I've been trying to understand depth first search, and using various sources online obtained the following code:

graph = {'A': ['B', 'D'], 'B': ['E'], 'C': [], 'D': ['C', 'E'], 
         'E': ['H', 'I', 'J'], 'F': [], 'G': [], 'H': ['F'], 
         'I': [], 'J': ['G']}

def dfs(graph, start, end, path=None):
    if path == None:
        path = []
    path = path + [start]
    paths = []
    if start == end:
        return [path]
    for neighbour in graph[start]:
        if neighbour not in path:
            paths.extend(dfs(graph, neighbour, end, path))
    return paths

print(dfs(graph, 'A', 'G'))

This outputs the desired result:

[['A', 'B', 'E', 'J', 'G'], ['A', 'D', 'E', 'J', 'G']]

But when I replace the line path = path + [start] with path += [start] (or path.extend([start]), which I understand does the same thing) I get the following output: [['A', 'B', 'E', 'H', 'F', 'I', 'J', 'G', 'D', 'C']]

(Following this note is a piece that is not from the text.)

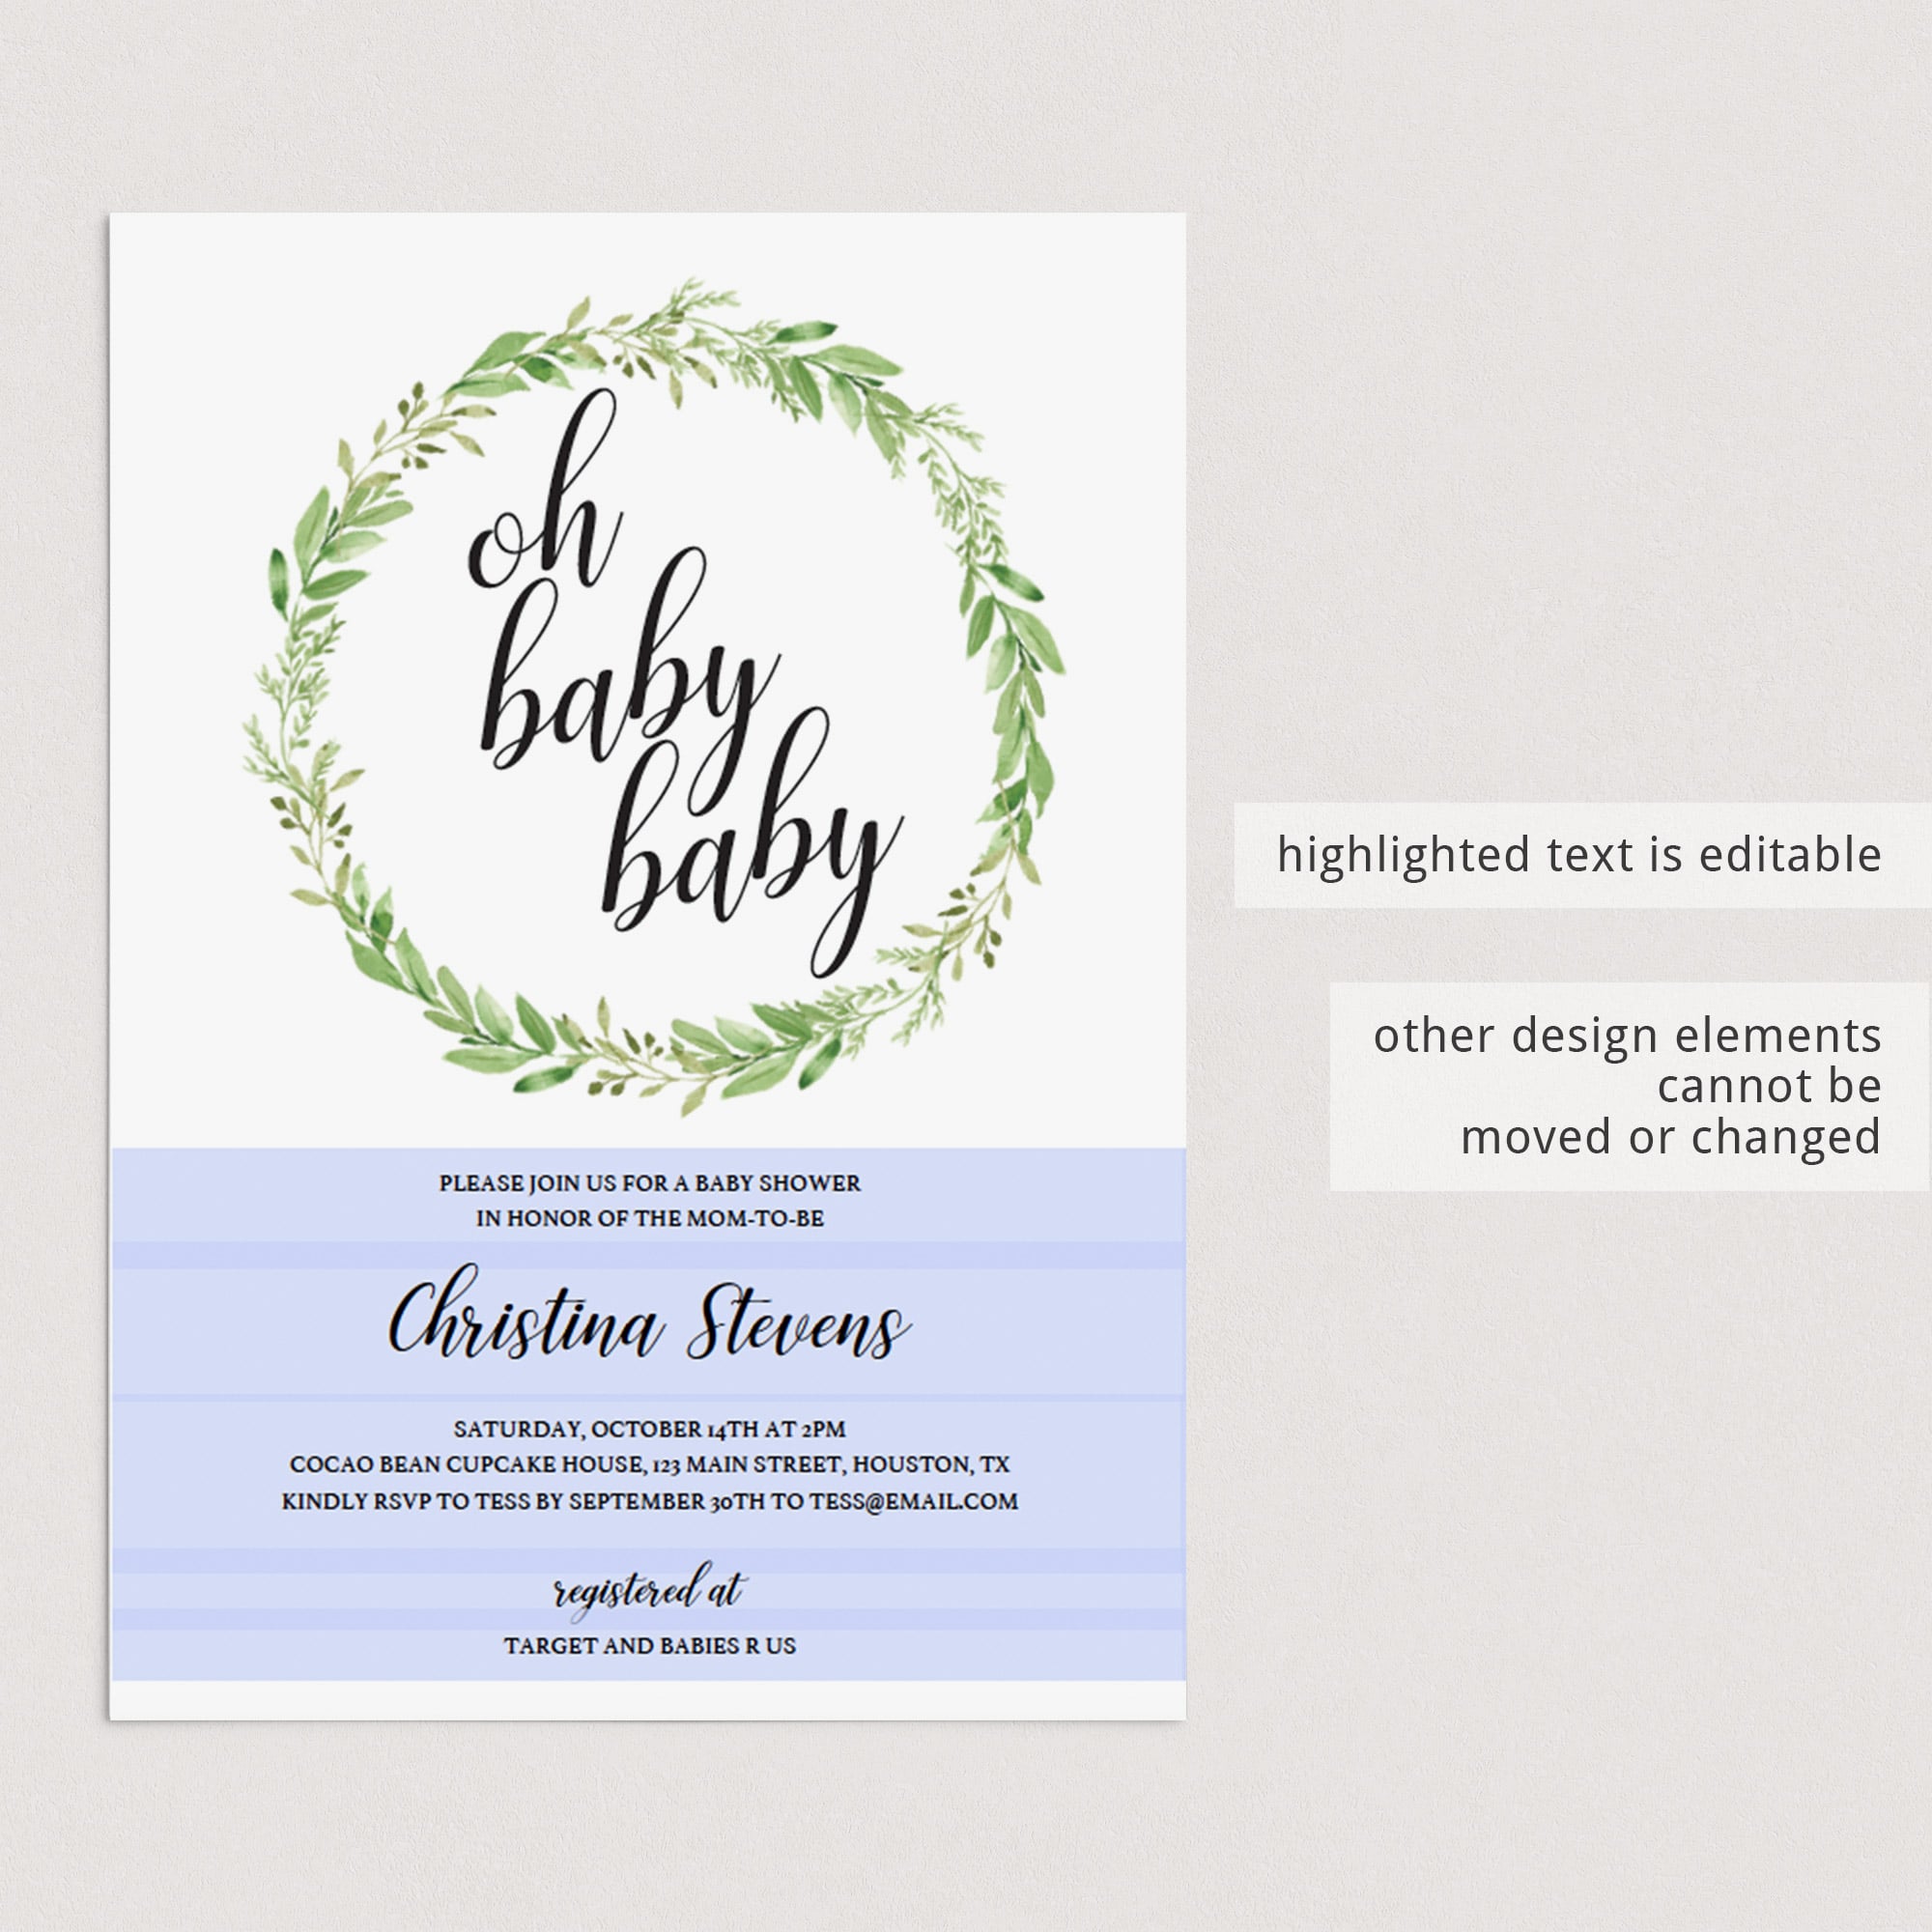 Oh baby baby invitation template for twin by LittleSizzle

I know this is to do with a difference in the operations, but I don't really understand how it applies here. Please could someone explain this?

like image 789
HelloWorld4444 Avatar asked Mar 08 '23 05:03

HelloWorld4444


1 Answers

this

path = path + [start]

is slightly different than

path += [start]  # or path.extend([start])

for lists (and other mutable types) because it recreates a new reference of path (implicitly what you want, you don't want to write into the previous reference)

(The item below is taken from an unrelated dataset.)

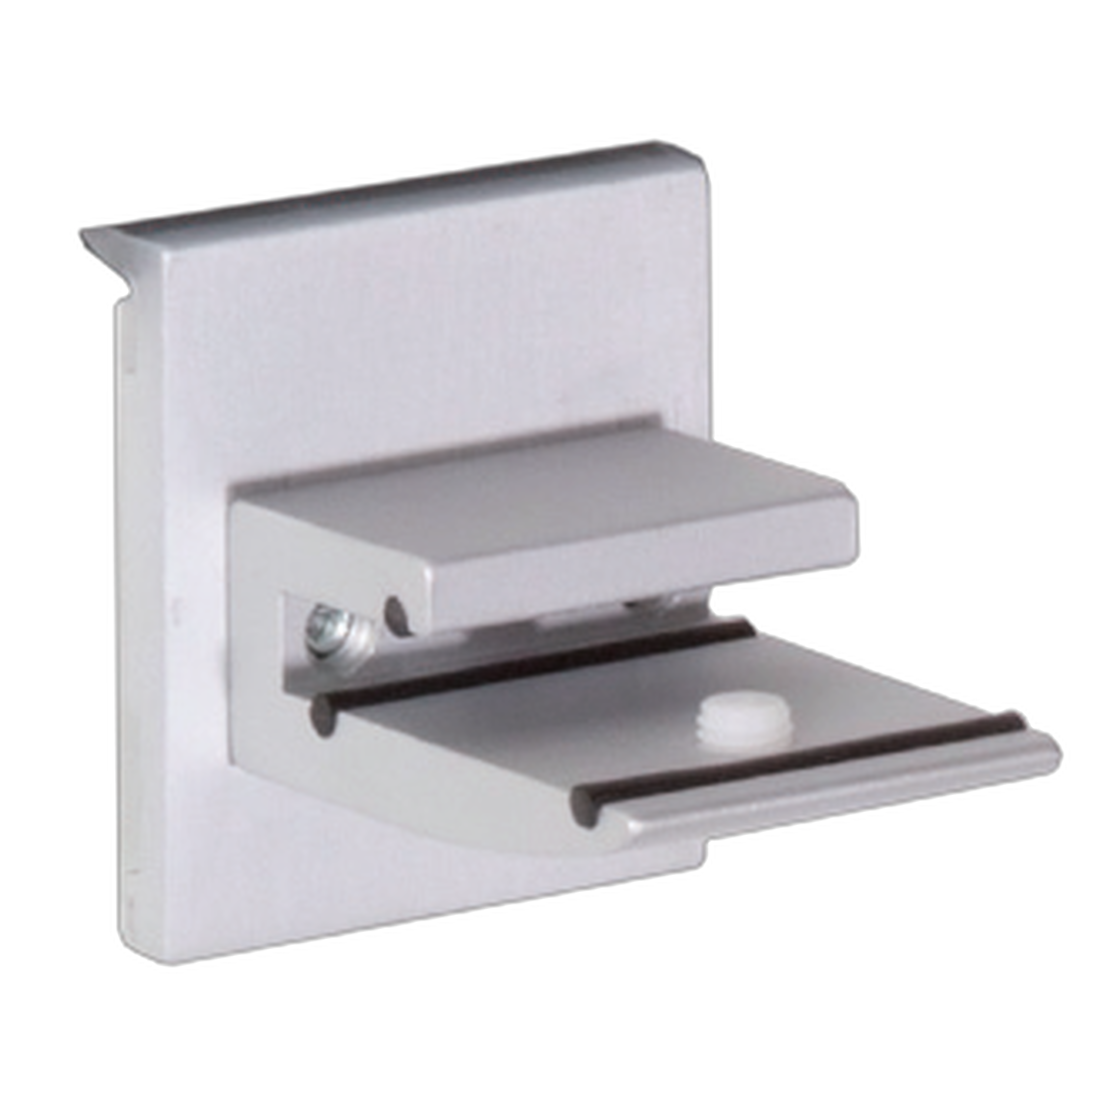 Glass shelf clamp for 6mm, 50mm

path += [start]  # or path.extend([start])

reuses the same reference because you're passing path many times here in your loop (without making a copy):

for neighbour in graph[start]:
    if neighbour not in path:
       paths.extend(dfs(graph, neighbour, end, path))

so if some other object has it in storage, you're changing both lists: not the same behaviour, not the behaviour you want.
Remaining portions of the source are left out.